** Opening INPUT DATA block **

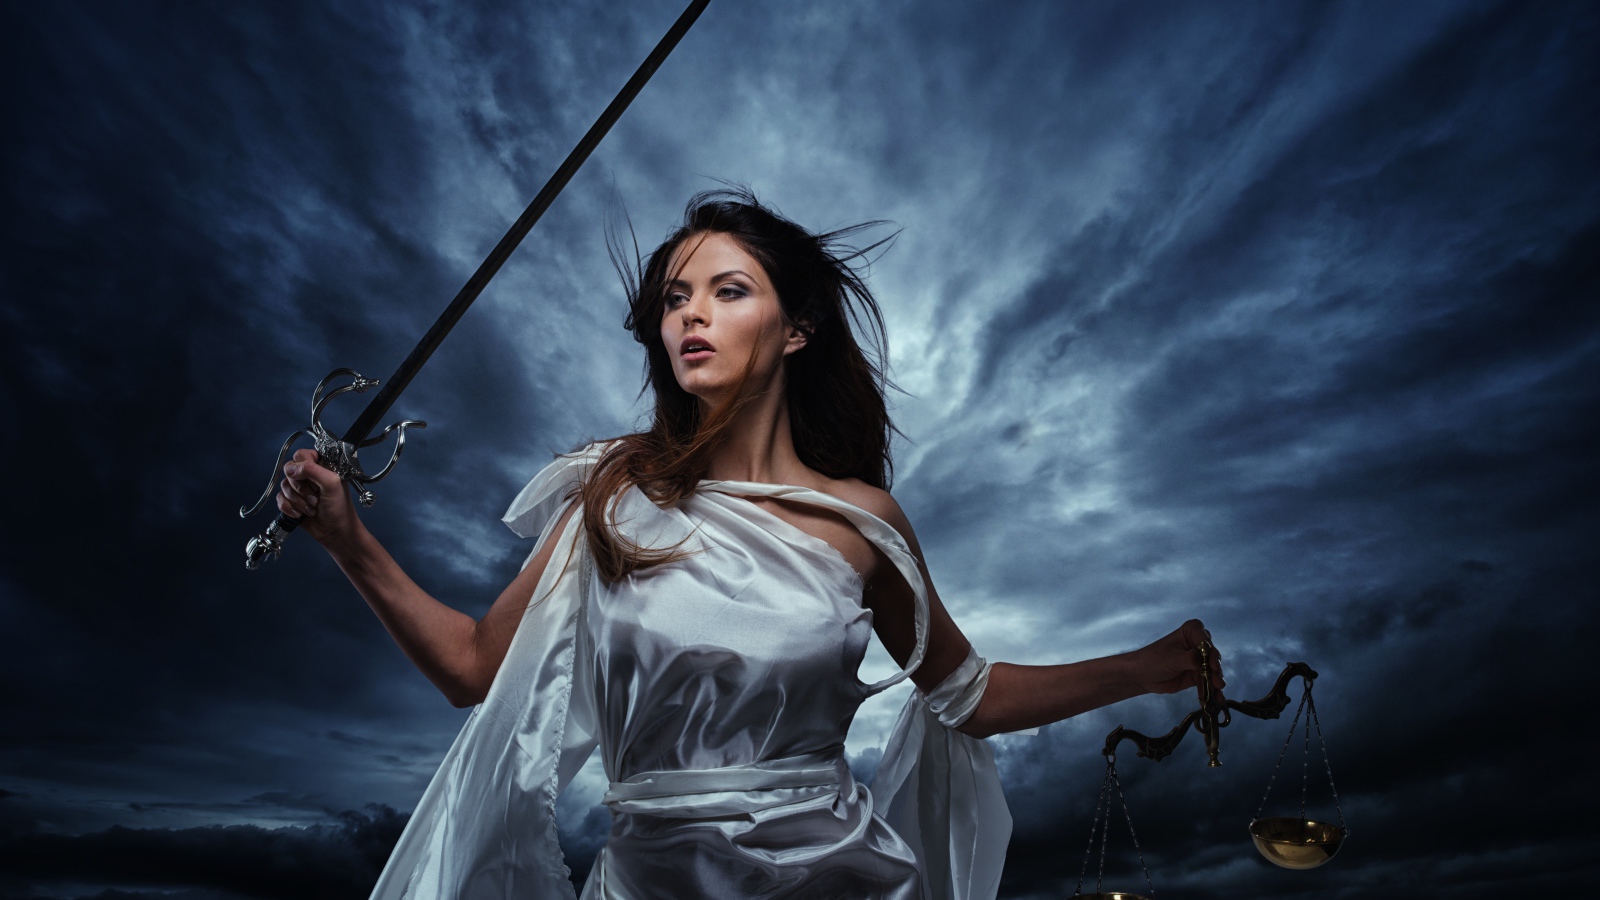 Девушка с мечом и весами в руках на фоне грозового неба, фэнтези
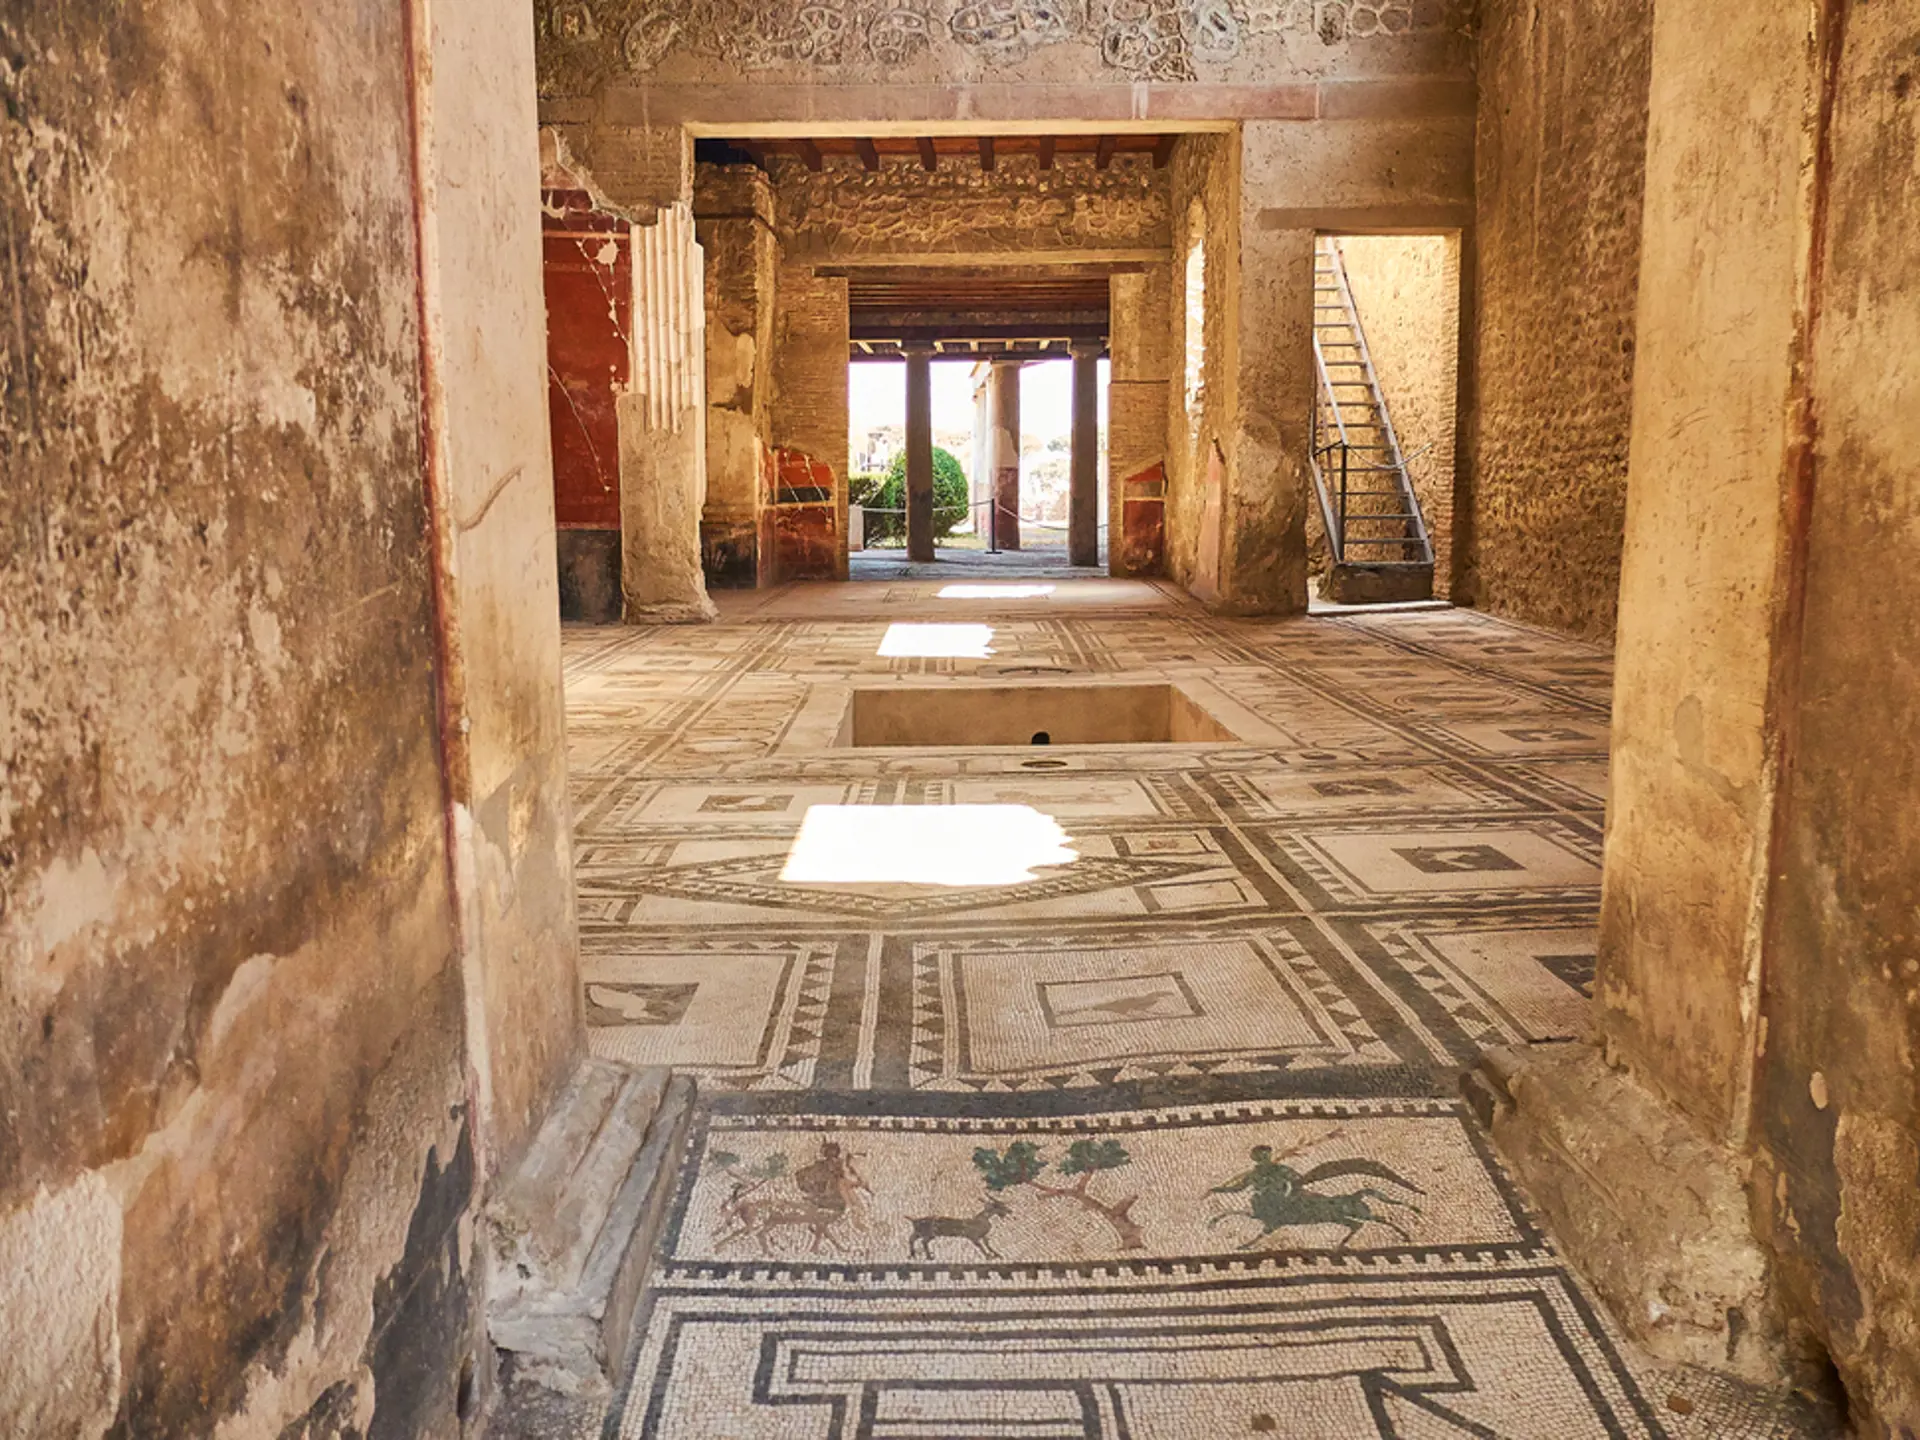 Udsnit af et mosaikgulv i en gammel romersk villa i Pompei
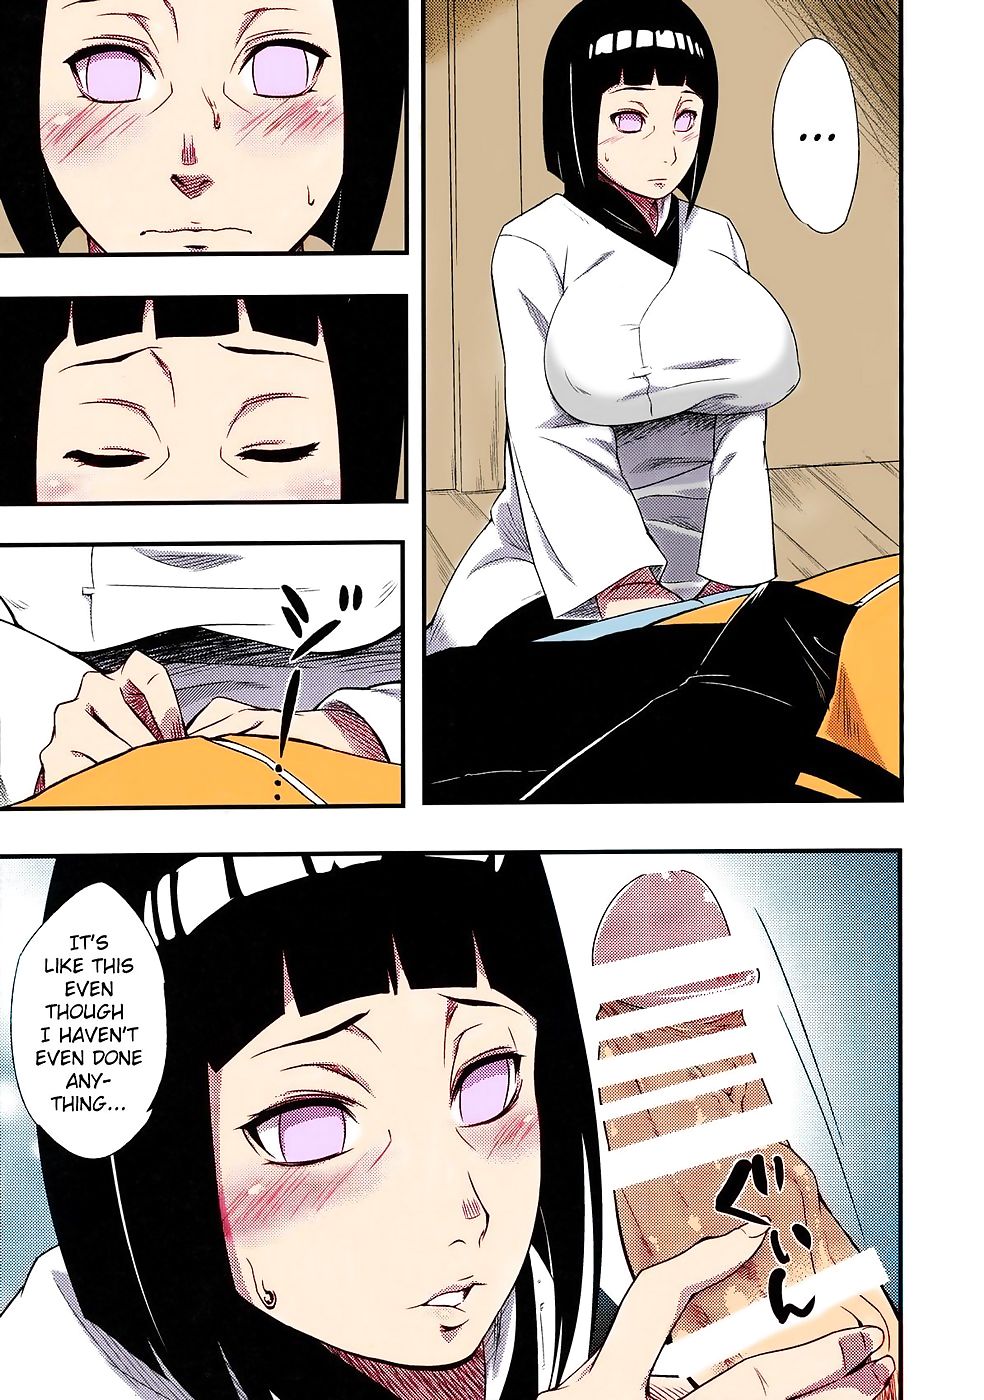 Naruto Hinata And Sakura Hentai Comic And Naruto Hinata Sakura

** Closing INPUT DATA block **

» PROBLEM STATEMENT: Without the pictures, repeat the listing exactly as it reads.

» RESPONSE BELOW:
 Девушка с мечом и весами в руках на фоне грозового неба, фэнтези
 Udsnit af et mosaikgulv i en gammel romersk villa i Pompei
 Naruto Hinata And Sakura Hentai Comic And Naruto Hinata Sakura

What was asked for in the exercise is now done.